Task – Take the records below from their first line to the line with "Download Atlas Basico", and restate those lines word for word.

Provided information –
····················
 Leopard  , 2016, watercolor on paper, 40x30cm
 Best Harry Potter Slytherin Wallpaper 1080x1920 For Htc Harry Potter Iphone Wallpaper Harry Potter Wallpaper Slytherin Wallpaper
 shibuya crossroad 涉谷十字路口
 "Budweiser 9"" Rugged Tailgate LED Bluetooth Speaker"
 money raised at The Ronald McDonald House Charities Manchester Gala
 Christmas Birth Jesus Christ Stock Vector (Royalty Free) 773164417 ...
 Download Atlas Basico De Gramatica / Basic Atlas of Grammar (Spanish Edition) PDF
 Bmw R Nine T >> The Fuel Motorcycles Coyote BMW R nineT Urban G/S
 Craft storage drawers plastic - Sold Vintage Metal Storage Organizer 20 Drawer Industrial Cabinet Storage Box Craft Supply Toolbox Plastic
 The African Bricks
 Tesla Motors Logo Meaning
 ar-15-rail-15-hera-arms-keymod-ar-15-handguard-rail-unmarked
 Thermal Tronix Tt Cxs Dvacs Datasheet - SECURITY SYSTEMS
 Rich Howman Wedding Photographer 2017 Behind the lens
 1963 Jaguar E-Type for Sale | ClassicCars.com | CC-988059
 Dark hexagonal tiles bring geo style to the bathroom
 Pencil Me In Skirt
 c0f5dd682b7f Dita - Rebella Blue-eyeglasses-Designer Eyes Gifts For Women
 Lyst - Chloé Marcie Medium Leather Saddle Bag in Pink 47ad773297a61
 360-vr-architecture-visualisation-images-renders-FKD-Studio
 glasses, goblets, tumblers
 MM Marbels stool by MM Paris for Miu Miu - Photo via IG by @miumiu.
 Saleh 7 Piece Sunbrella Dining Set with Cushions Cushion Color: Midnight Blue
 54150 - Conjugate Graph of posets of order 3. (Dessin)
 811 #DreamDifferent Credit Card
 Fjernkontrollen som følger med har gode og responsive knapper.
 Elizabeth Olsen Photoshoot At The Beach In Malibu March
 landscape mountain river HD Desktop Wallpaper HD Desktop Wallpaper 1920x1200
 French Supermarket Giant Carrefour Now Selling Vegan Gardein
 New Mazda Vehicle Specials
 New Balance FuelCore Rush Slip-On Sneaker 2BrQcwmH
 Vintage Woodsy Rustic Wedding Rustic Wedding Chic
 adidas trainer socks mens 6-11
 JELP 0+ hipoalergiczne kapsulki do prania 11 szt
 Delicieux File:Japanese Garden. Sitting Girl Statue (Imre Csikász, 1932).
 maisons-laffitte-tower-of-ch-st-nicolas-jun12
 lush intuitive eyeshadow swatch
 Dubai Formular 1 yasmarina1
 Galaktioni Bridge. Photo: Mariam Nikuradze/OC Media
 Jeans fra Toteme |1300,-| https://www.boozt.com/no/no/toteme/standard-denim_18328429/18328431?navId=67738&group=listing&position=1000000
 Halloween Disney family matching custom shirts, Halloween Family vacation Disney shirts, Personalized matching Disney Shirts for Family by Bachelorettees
····················
Task response –
 Leopard  , 2016, watercolor on paper, 40x30cm
 Best Harry Potter Slytherin Wallpaper 1080x1920 For Htc Harry Potter Iphone Wallpaper Harry Potter Wallpaper Slytherin Wallpaper
 shibuya crossroad 涉谷十字路口
 "Budweiser 9"" Rugged Tailgate LED Bluetooth Speaker"
 money raised at The Ronald McDonald House Charities Manchester Gala
 Christmas Birth Jesus Christ Stock Vector (Royalty Free) 773164417 ...
 Download Atlas Basico De Gramatica / Basic Atlas of Grammar (Spanish Edition) PDF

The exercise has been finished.